Een ander praktisch probleem dat volgens de voorzitter van de Nationale Assemblee veel problemen zou oplossen als het in de wet zou worden opgenomen, is het daadwerkelijke onderzoek om de planning uit te voeren.
"Het principe van planning is om veldonderzoek uit te voeren, maar soms zijn er onvoldoende omstandigheden om dat goed te doen. Er zijn gebieden waar mensen al lange tijd wonen, maar het onderzoek is niet zorgvuldig uitgevoerd. Bij de planning werd het als een "groen gebied" "afgeschilderd", maar nu staat niemand op om het te repareren. Die planning is niet realistisch.
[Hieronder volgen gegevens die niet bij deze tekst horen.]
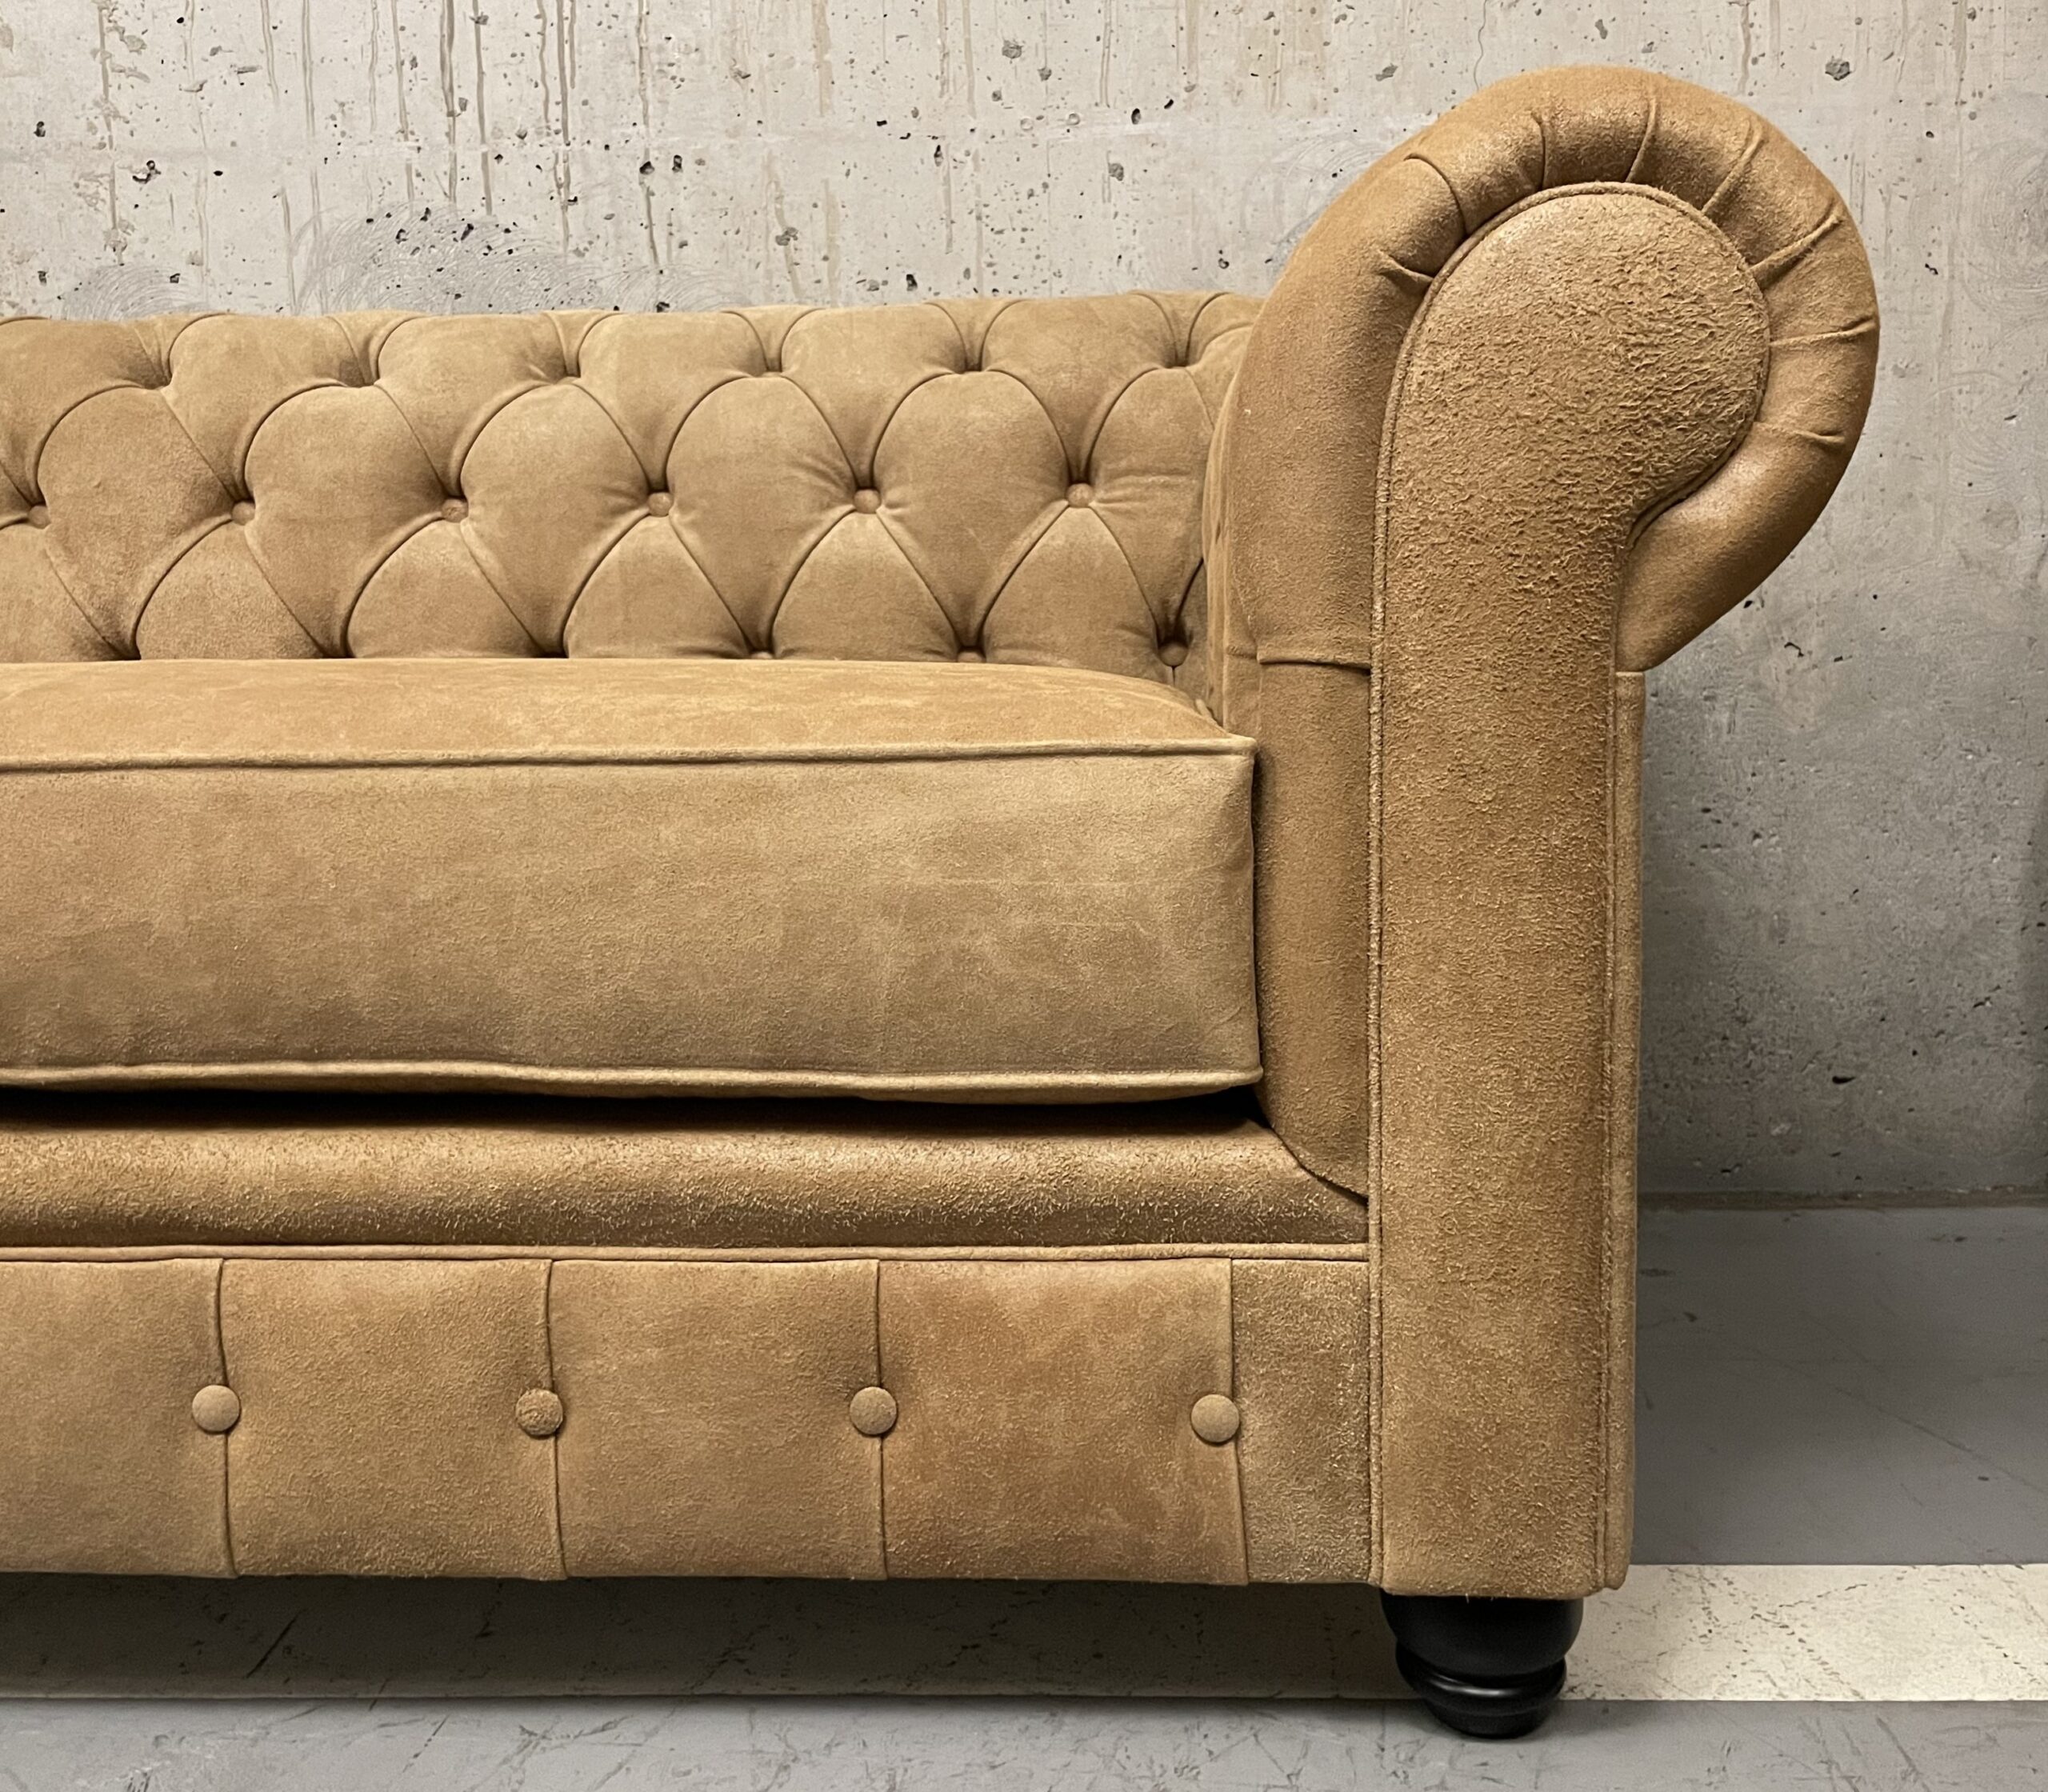 Sofa de Cuero- Chesterfield Color Distroi Oak, 240cm de frente, Cojín único asiento, tres costuras, Respaldo Recto Clásico, Cuero 100% Natural Uruguayo 1

Mochten we overwegen om de planning in dergelijke gevallen aan te passen, dan moeten we ervoor zorgen dat deze aansluit bij de werkelijke situatie", aldus de heer Vuong Dinh Hue.
Bovendien stelde de voorzitter van de Nationale Assemblee voor dat de opstelcommissie doorgaat met het toezicht op de consistentie en uniformiteit van het rechtssysteem, omdat deze wet met veel andere wetten verband houdt. Ook stelde zij voor om een aantal termen gelijk te trekken en grondiger onderzoek te doen naar overgangsregelingen.
Secretaris-generaal van de Nationale Assemblee Bui Van Cuong stemde in met de mobilisatie van ondersteunende middelen om de kwaliteit van de planning te verbeteren. De mobilisatie en het gebruik ervan moeten echter strikt zijn, waarbij beleidsmatige gevolgen door steun, het inbrengen van "groepsbelangen" en lokale belangen moeten worden vermeden.
"Meer specifieke regelgeving inzake openbare bekendmaking en transparantie van informatie over ondersteunende organisaties en personen, agentschappen en eenheden die ondersteunende middelen ontvangen en het gebruik van middelen, zodat als er in de toekomst 'planten' bij betrokken zijn, mensen deze onmiddellijk zullen ontdekken", aldus de heer Bui Van Cuong.